World’s Longest Running Streak Comes to an End

After running a mile a day for 52 years and 39 days, running legend Ron Hill finally took a day off due to heart problems

Ron Hill
Ron Hill celebrates fifty years of running every day Ronhill.com

We’re not sure what Ron Hill did on Sunday, but we do know that for the first time in 52 years, he was not running. According to the BBC, the 78-year-old Hill had run at least a mile every day since December 20, 1964, clocking in the world’s longest running streak at 52 years, 39 days.

On Saturday, Hill, a native of Accrington, England, began feeling pain in his chest during his daily run. “After 400m my heart started to hurt and by the time I got to the one mile point I thought I was going to die,” he tells the BBC. “I was in such pain and I thought ‘no, hang on, this isn't going anywhere at the moment,’ and really in respect of my wife, two sons and friends I need to stop this.”

Hill isn’t just some obsessive compulsive runner—he’s one of the sport's luminaries. In 1970, reports Lenny Bernstein at The Washington Post, Hill became the first Briton to win the Boston Marathon, setting a then-course record at 2:10:30. He also competed in the 1964, 1968 and 1972 Olympics, placing sixth in the 1972 marathon. He has also held world records for 10-mile, 15-mile and 25-kilometer road races. Over his storied career, Hill has also completed 115 marathons, the last of which he ran in 1996, his final Boston Marathon.

Outside of running, the BBC reports that Hill worked as a textile chemist. He became one of the first people to use synthetic fabrics in sports wear, and his company, Ron Hill Sports, which began in 1970, exists to this day though Hill sold it in the early 1990s. He also formed Hilly Clothing, which specializes in running socks.

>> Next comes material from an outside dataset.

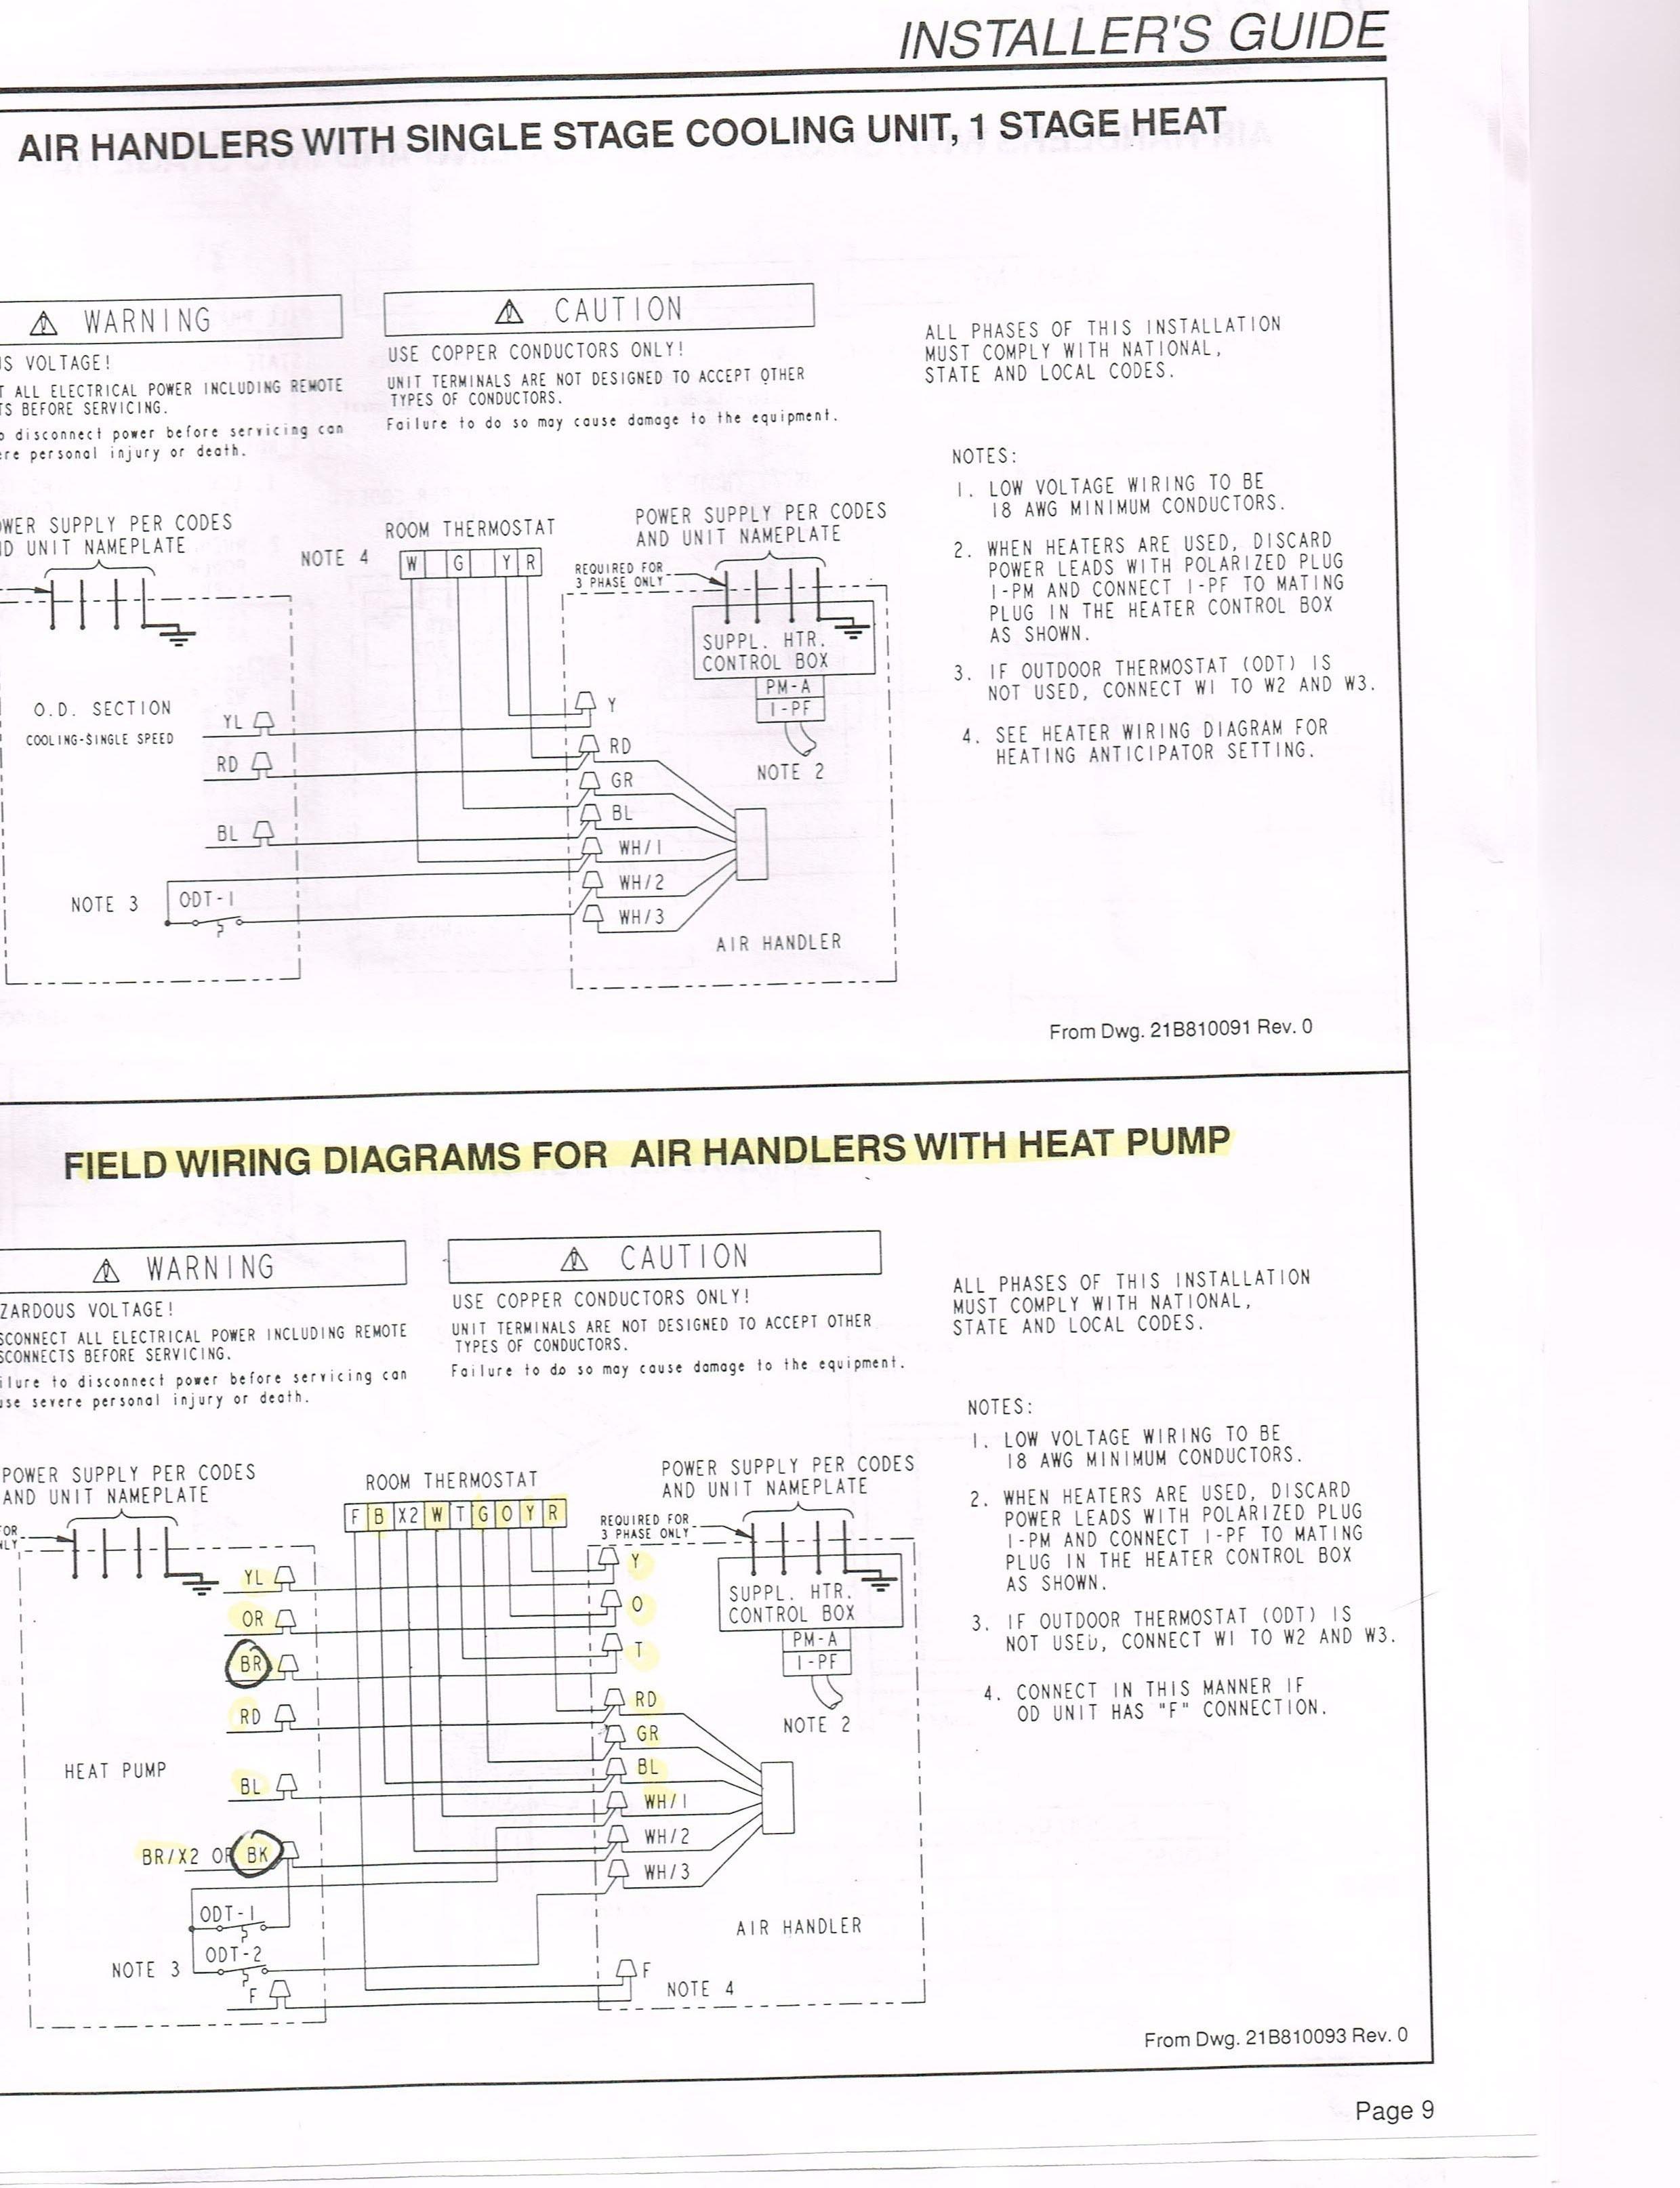 Ford 7 3 Engine Diagram Wiring Diagram Glow Plug Relay 7 3 Free Downloads Luxury Glow Plug Of Ford 7 3 Engine Diagram

According to a profile of Hill by Alison Wade at Runner’s World, the Brit has gone to extraordinary lengths to maintain his record. In 1993, for instance, he broke his sternum in a car accident. Luckily, he already had his daily run in for the day. He was lacing up his running shoes the following morning. Later that year, Hill had bunion surgery, but he didn't let that stop him, either. “My son picked me up from hospital the next morning, drove me to a track, and I did one mile using walking sticks [canes], not crutches, which go under the arm pits,” Hill tells Wade. “I was able to abandon these after seven days but still ran a mile a day in a plaster cast.”

Now that Hill’s streak is no longer active, the top spot goes to California writer John Sutherland who has been hoofing it each day since May of 1969, with 17,418 days under his belt so far.